株式会社 GEN INOUE
井上 玄
「暮らし」をデザインする建築家
「住まい」 の設計を行う中で様々な価値観や「暮らし」に出会いました。お隣さんとの共有空間をもつ戸建て住宅、仕事場と居住空間の間に緩衝空間を挟んだSOHO、「隣居」的な距離感の二世帯住宅、フレキシブルに増減築が可能なシェアハウスなど、いずれも今までの常識や形式では窮屈でした。この特徴を最大限にいかした建築的な提案を通して「住まい」だけでなく「暮らし」をデザインすることを目指し設計活動を続けています。
自宅を「海近」の逗子へ
私は横浜で設計事務所を主宰すると同時に二児の父親です。私が子どもの頃、海での磯遊びや山の散歩は休日のイベント、つまり非日常的なものでした。自分の子どもたちには日常的に自然に触れて欲しいという気持ちが引越しの原動力となり、子どもの小学校入学を機に自分の育った横浜を離れ、逗子の「海近」の場所に引越すことを決意しました。一方、「海近」ではありますが「駅近」ではなく不便です。この不便を自分の働き方を変え肯定的に捉え、自分の描く「暮らし」を実践する勇気を持てば、豊かな「暮らし」を手に入れられることに気づきました。
設計事務所の働き方改革
この引越しを機に、自分の主宰する横浜の設計事務所の働き方を変えました。自分だけではなくスタッフ(社員)の働き方も、そのライフステージにあった働き方、それぞれの暮らし方にあった働き方を享受していこうと。今では在宅勤務的な働き方なども実践され、質を保ちながら効率的に仕事を進めています。設計事務所の場所は「駅近」で便利を優先した結果、大きさは小さくなりましたが、ワンフロアーを3社の設計事務所がシェアする楽しい仕事場です。
多拠点居住の実践と自分らしい「暮らし方」のデザイン
引越しと同じ頃、丹沢湖の上流で「山近」の周辺環境を内部空間に取り込んだ「山のセカンドハウス」の設計が進んでいました。プロポーションや素材の異なる7つの縦長の内部空間には、ベッドやソファなどの固定的な家具は置かずフレキシブルな使い方ができる計画としています。時間の流れで変化する光や季節の移り変わりで変容する外部環境を内部に取り込み、使う人のアクティビティや気分によって好きな居場所をさがし移動するセカンドハウスとしました。家族だけでなく事務所のスタッフが使い、地域の人との交流の場となるような開かれた場所となるように様々な可能性を探っています。

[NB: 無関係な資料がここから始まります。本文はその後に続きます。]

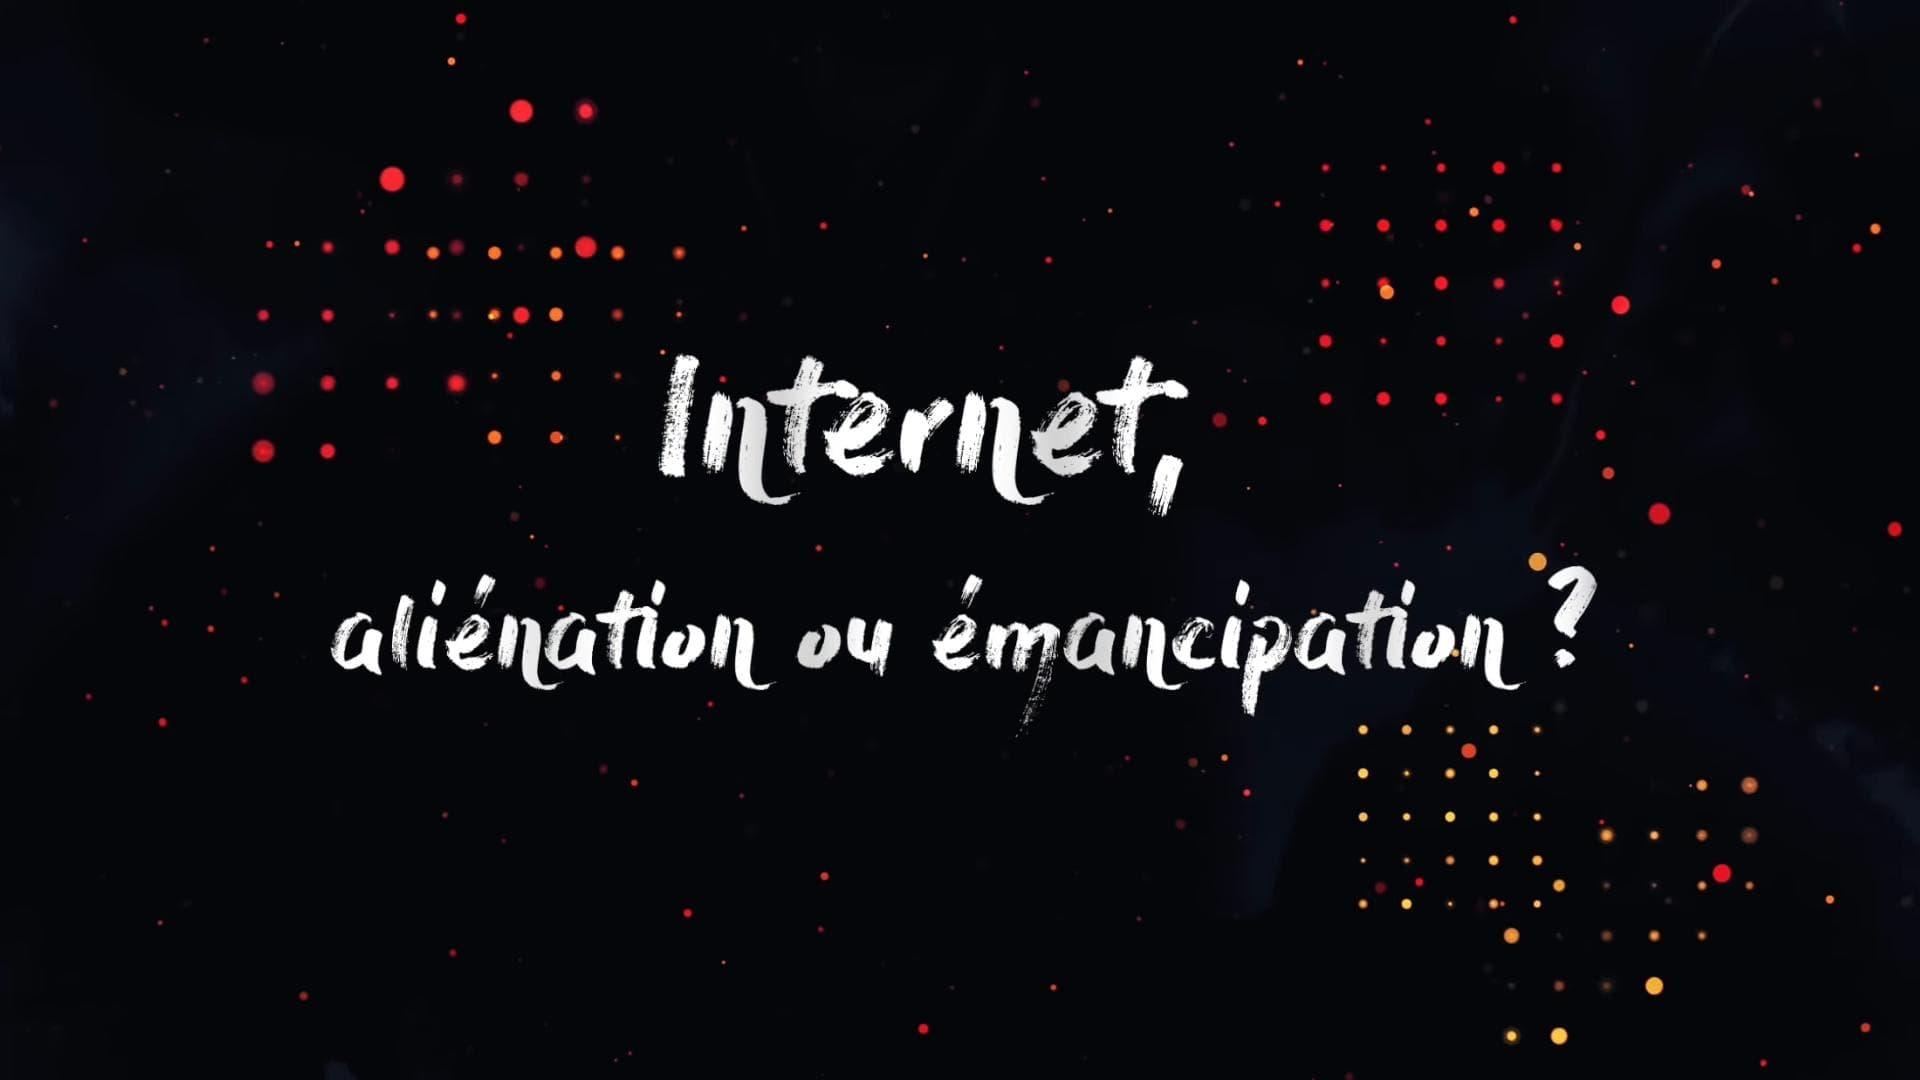 Internet, aliénation ou émancipation? (2019)

このようにどこに住み、どう働くのか?ONとOFFを切り替えるためにどこで休暇を過ごすのか。場所は便利でなくても、有名な別荘地でなくても、魅力的な環境がありそのメリットを最大限にいかしたお気に入りの空間があれば良いのではないか?その魅力をフットワーク軽く遊牧民のようなに楽しむ「暮らし方」。今後も建築家として「多拠点居住」を実践し、その魅力を発信していきたいと思っている。